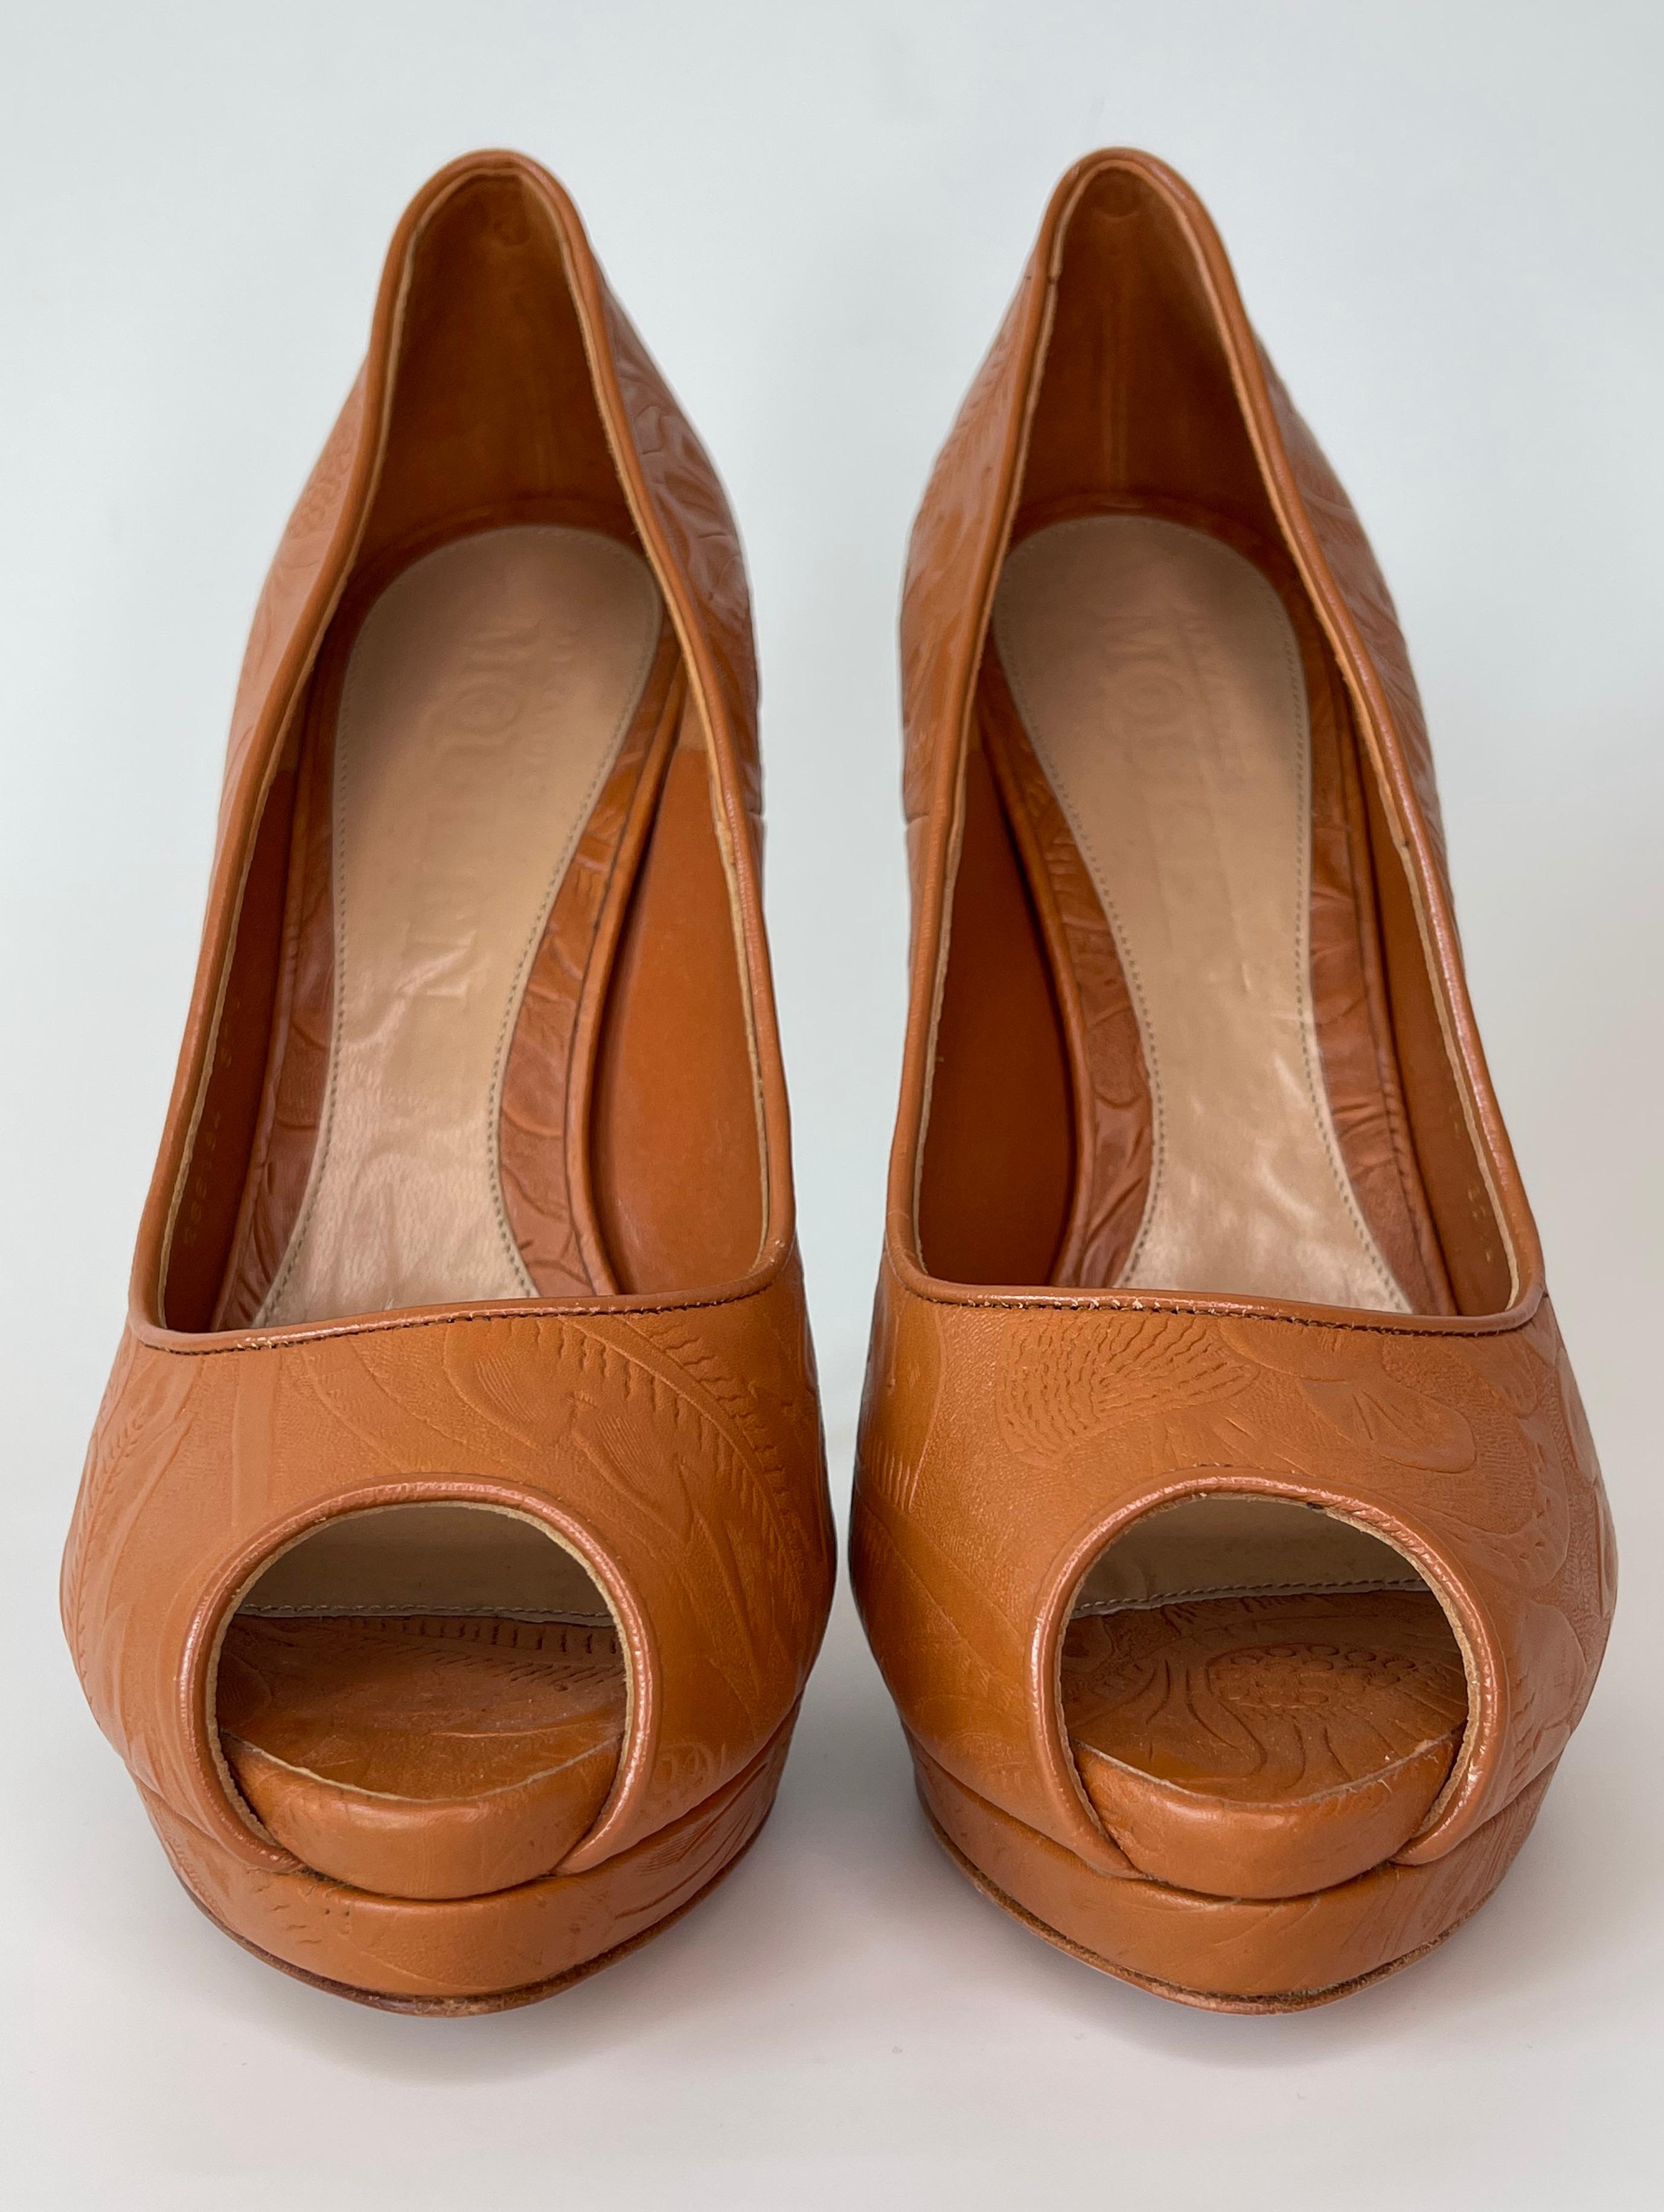 COULEUR : Brandy (mélange d'orange et de brun)
MATÉRIEL : Cuir avec talon en bois
ITEM CODE : 266184
TAILLE : 37.5 EU / 6.5 US
HAUTEUR DU TALON : 147 mm (5.8 in)
Livré avec : Boîte d'origine 
CONDITION : Excellent - chaussures solides avec des

AIM OF THE EXERCISE
Find the line containing "MATÉRIEL : Cuir avec talon en bois", then output it and every line after it to the end of the data, exactly.

YOUR RESPONSE
MATÉRIEL : Cuir avec talon en bois
ITEM CODE : 266184
TAILLE : 37.5 EU / 6.5 US
HAUTEUR DU TALON : 147 mm (5.8 in)
Livré avec : Boîte d'origine 
CONDITION : Excellent - chaussures solides avec des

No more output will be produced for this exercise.